» BRIEF: Return the lines of the data below starting at the one holding "3 bedroom House" and ending at the one holding "Sample page 1", word for word, leaving every picture out.

SUPPLIED RECORDS below:

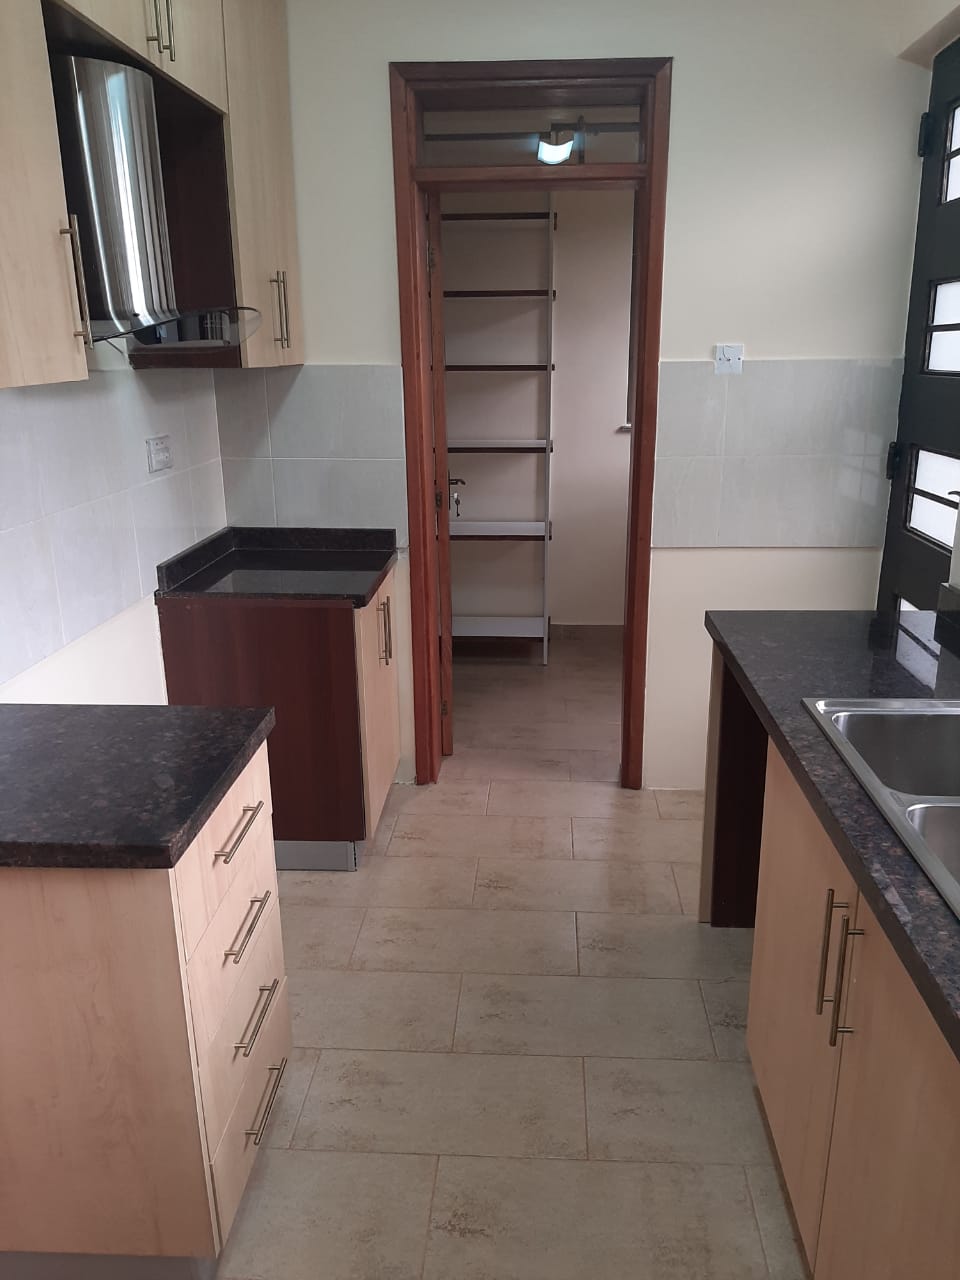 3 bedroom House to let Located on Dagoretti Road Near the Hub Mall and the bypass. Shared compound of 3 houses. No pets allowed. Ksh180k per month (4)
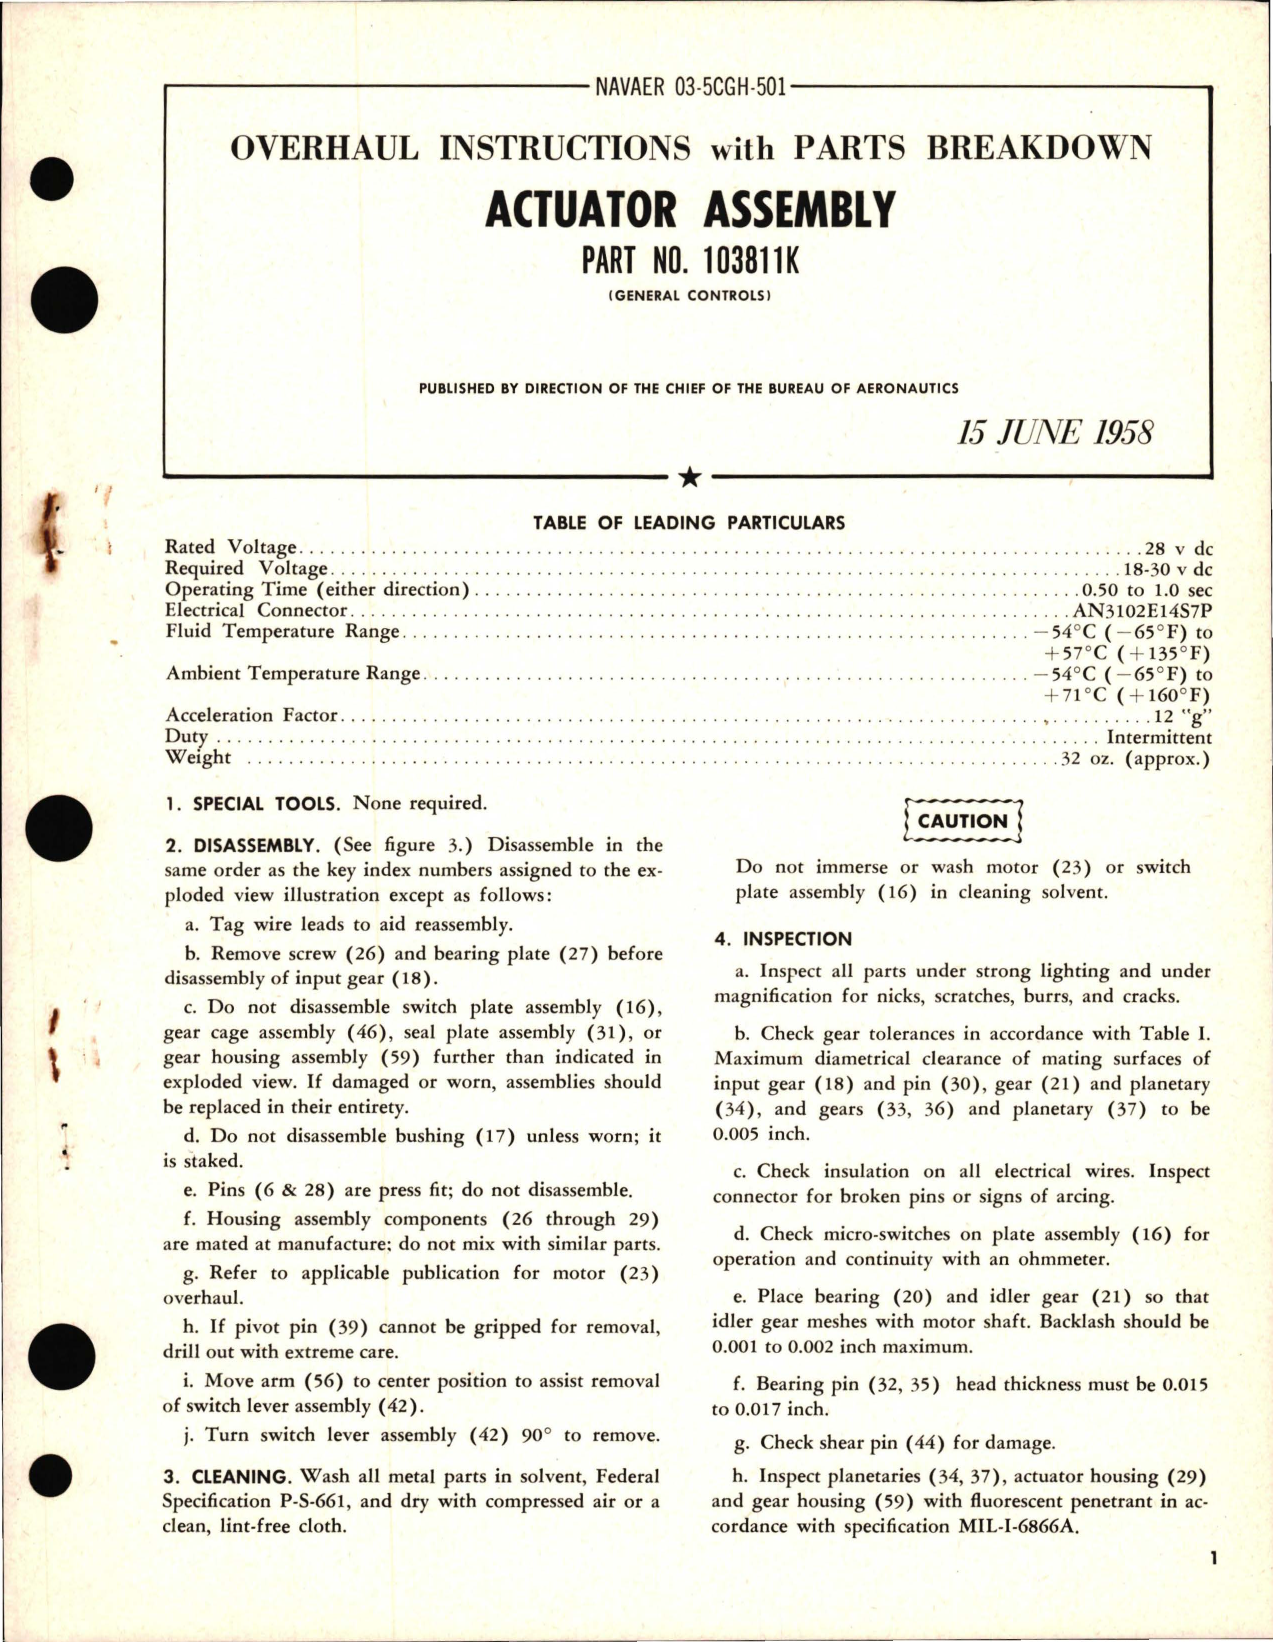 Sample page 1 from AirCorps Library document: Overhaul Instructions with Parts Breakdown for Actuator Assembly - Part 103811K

End of SUPPLIED RECORDS.
SUPPLIED RECORDS below:

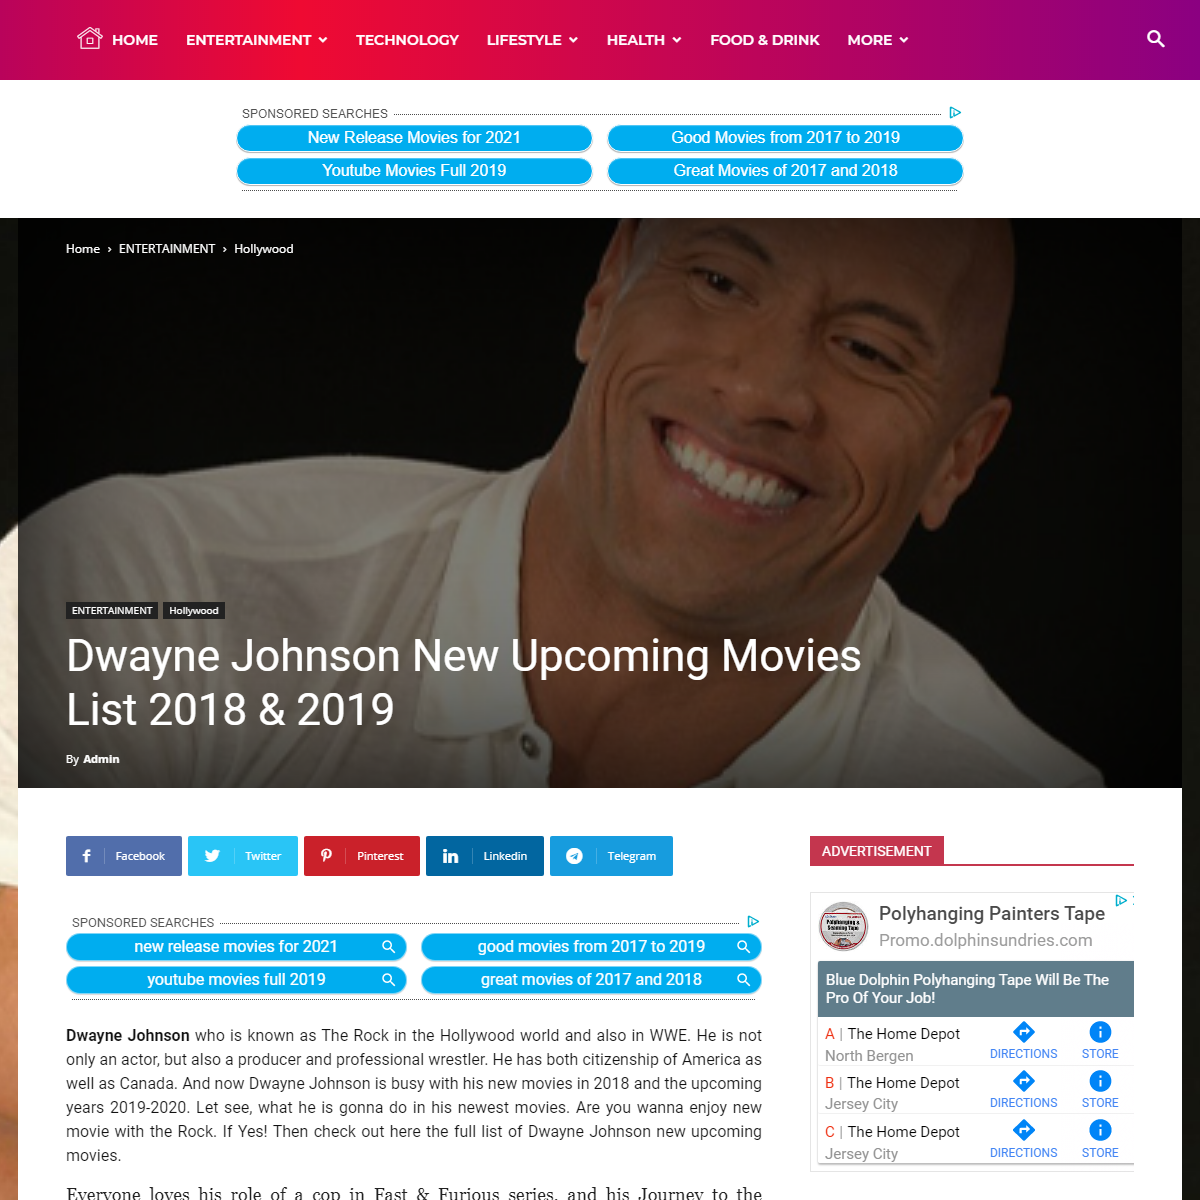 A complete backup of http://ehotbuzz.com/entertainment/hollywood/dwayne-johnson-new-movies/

End of SUPPLIED RECORDS.

» TASK ANSWER:
 3 bedroom House to let Located on Dagoretti Road Near the Hub Mall and the bypass. Shared compound of 3 houses. No pets allowed. Ksh180k per month (4)
 Sample page 1 from AirCorps Library document: Overhaul Instructions with Parts Breakdown for Actuator Assembly - Part 103811K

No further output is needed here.